Ромка не ждал других. Вынул из-за голенища финку и легко, словно не в первый раз ему приходилось это делать, полоснул ею по левой руке, немного выше бинтов, которыми были затянуты его руки по самые запястья. Крупные капли тяжело упали на белую материю и лежали на ней, как ртуть. Красноармейцы смотрели напряженно – всем пятерым одновременно показалось, что кровь так и останется лежать, не впитываясь; так и засохнет. Но затем увидали, как по нитям поползло красное – и вздохнули облегченно.
– Темноват будет матерьяльчик! – самодовольно оскалился Ромка.
– Ничего, разберутся…
Управились быстро. Ставить знамя пошли вдвоем (мало ли что – снаряды рвутся рядом) Страшных и Медведев. Флагшток воткнули в отверстие для перископа. Эх, «фотокор» бы сюда! – какой кадр пропадает, товарищ Страшных, какой кадр!..
Немцы признали флаг сразу: обе батареи устроили салют – наперегонки застучали, только не фугасными, как до этого, а осколочными. Потом остановились те, что проходили мимо, развернулись: ах! ах! ах! Потом и до тех докатилась волна, что уже обогнули холм и на шоссе вышли. Им-то флаг виден на фоне заката – лучше не придумаешь. Повернулись – и ураган стали затопил холм. А вот уже и пехота перестраивается, поворачивает сюда, растекается в цепи и вдруг – броском – вперед!
– А-а-а-а!.. – бессловесный звериный рев растет над полем.

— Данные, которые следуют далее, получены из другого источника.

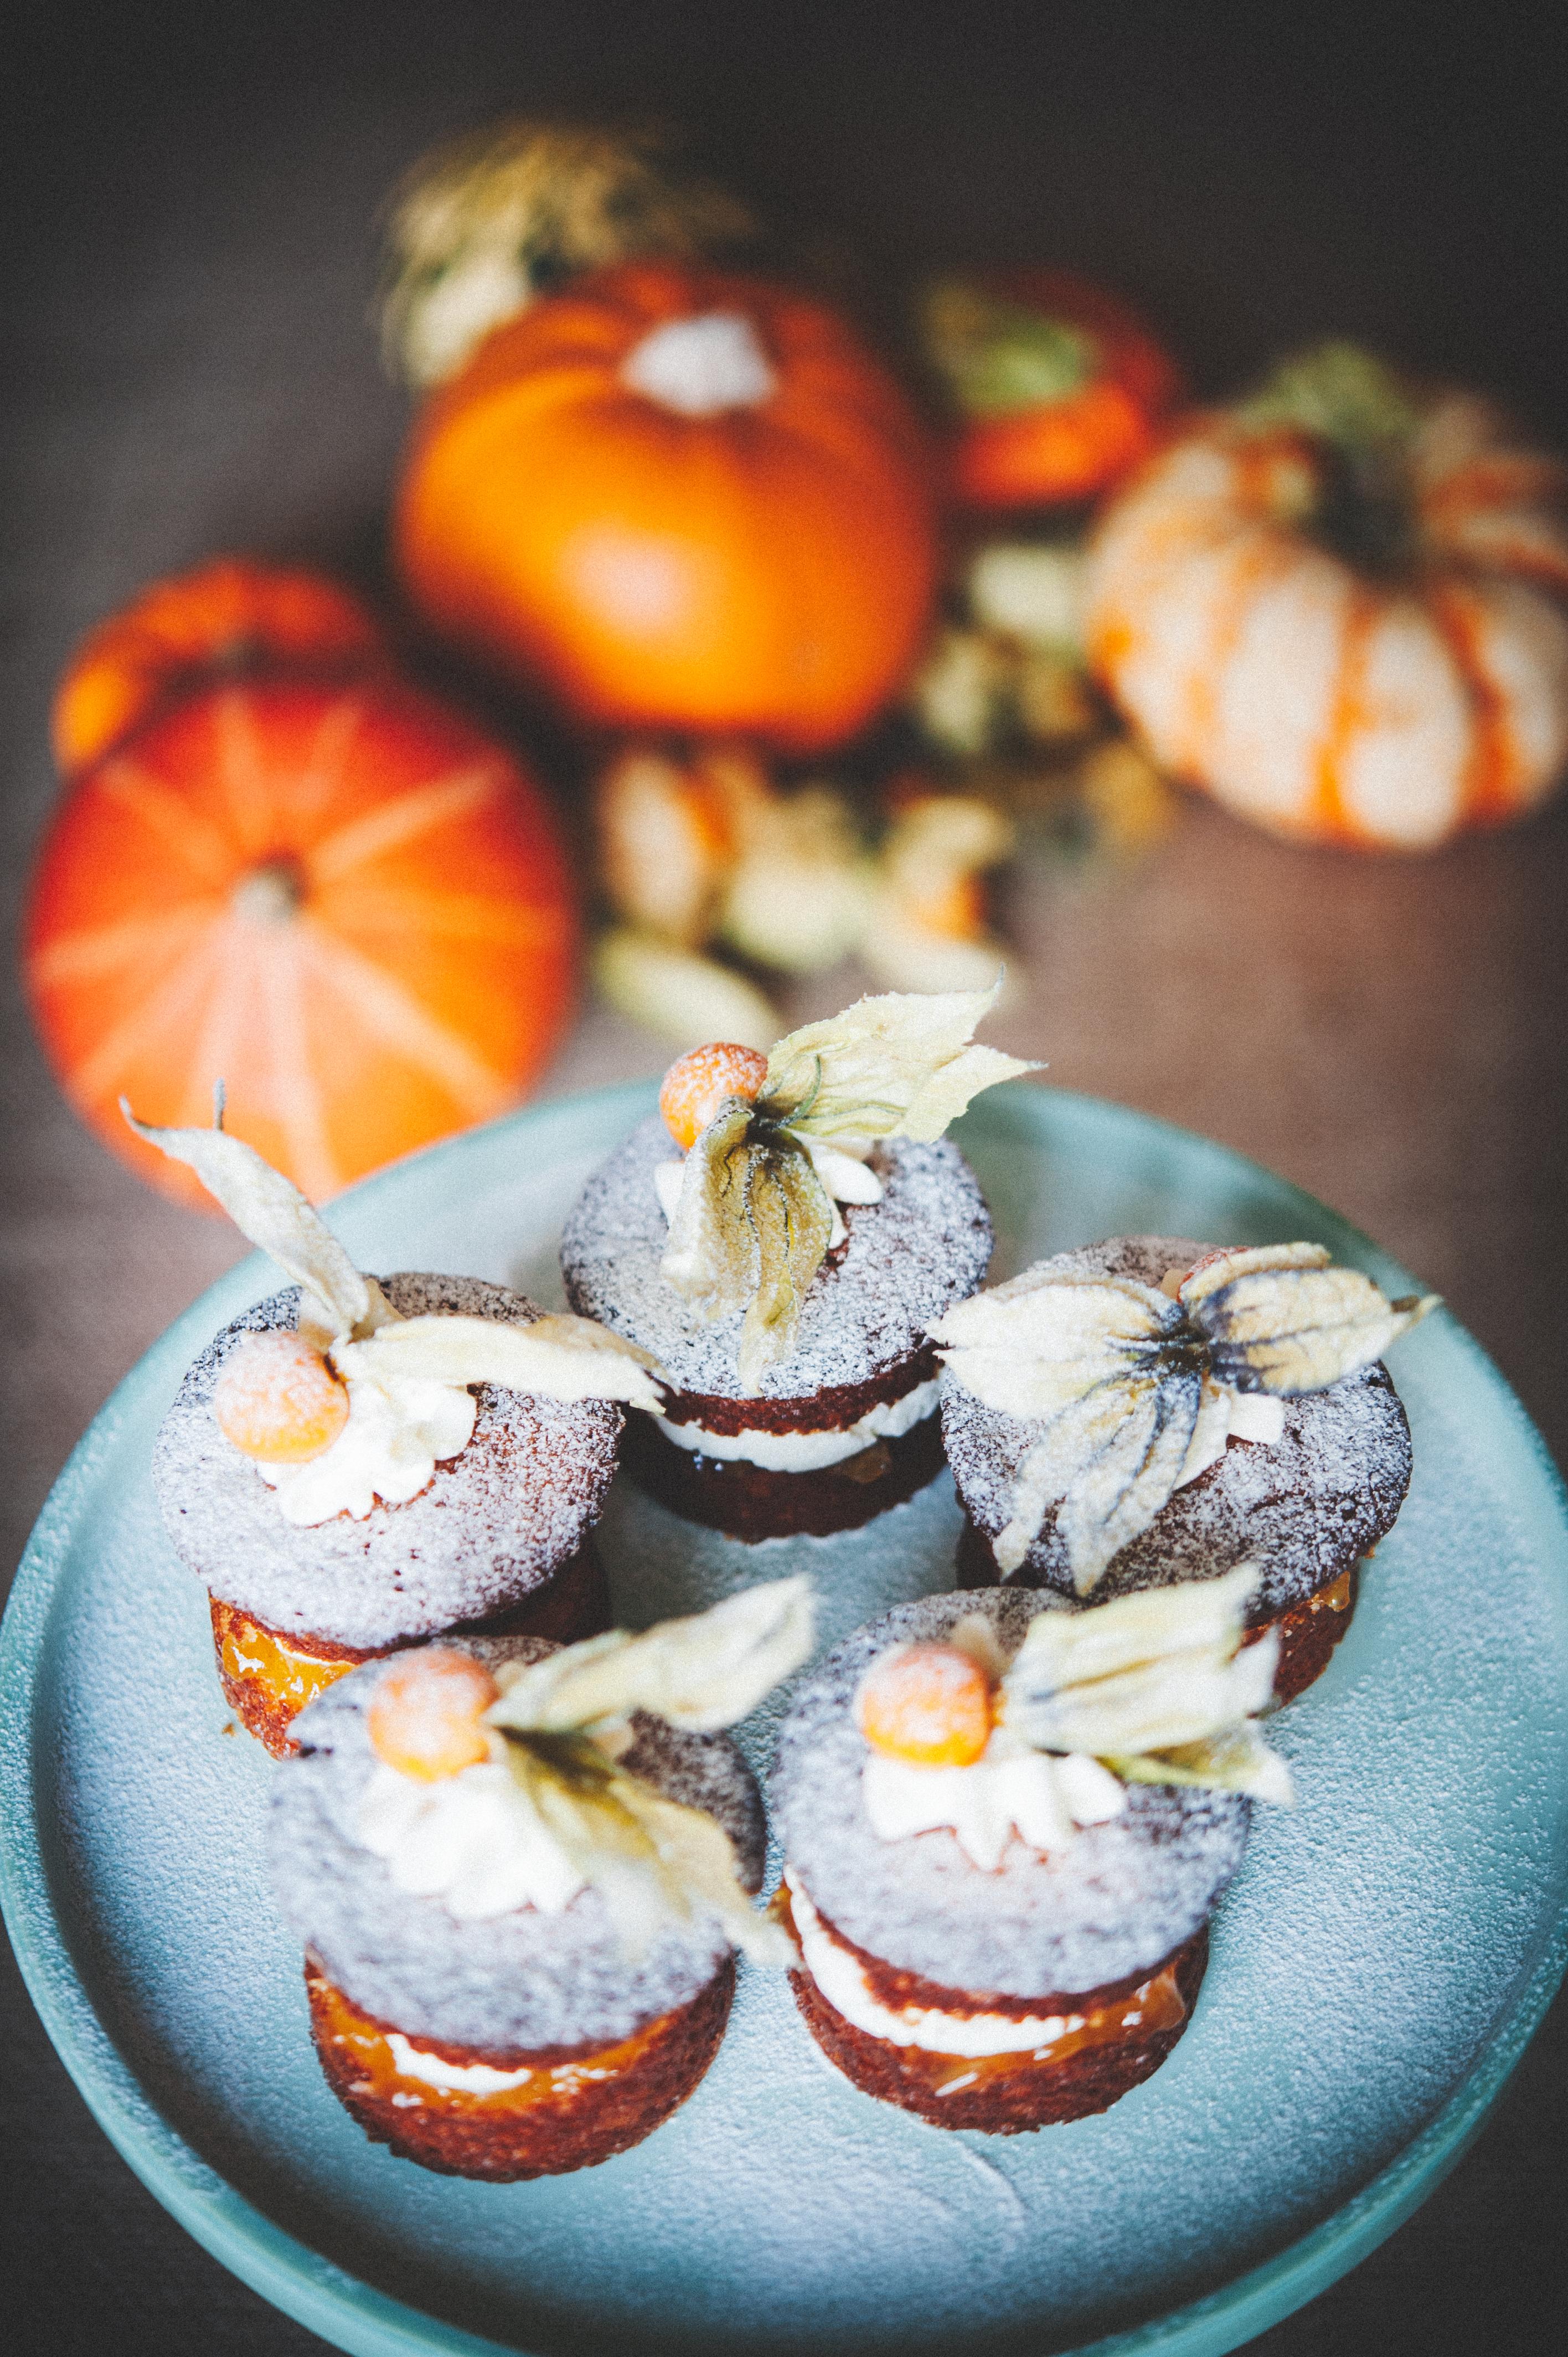 Pineapple & Physalis Mini Cakes

С двух сторон – сразу – сотни наперегонки. Какой там строй! какой к черту порядок! сломались цепи – сотни ревущих, ненавидящих, с пеной у рта – вперед! вперед! вперед!..
Тимофей спокойно:
– К пулеметам.
Закрыл наглухо амбразуру, взял автомат, верный припас патронов, полдюжины «лимонок». Чапа уже готов, ждет; в последний момент, правда, вернулся – шинельку прихватил; жалко с такой шинелькой расставаться, даже напоследок.
– Пошли?
Бой кончился так же быстро, как и вспыхнул. Но теперь это означало: победа окончательная; теперь оспорить ее было невозможно. А потом с реки, со старицы и от болотца стал подниматься туман. Он как-то незаметно, сразу сгустился над долиной; только вершина холма, увенчанная флагом, плыла, как остров, да сквозь серую муть блестели прямой ниткой бесчисленные костры – догорали машины.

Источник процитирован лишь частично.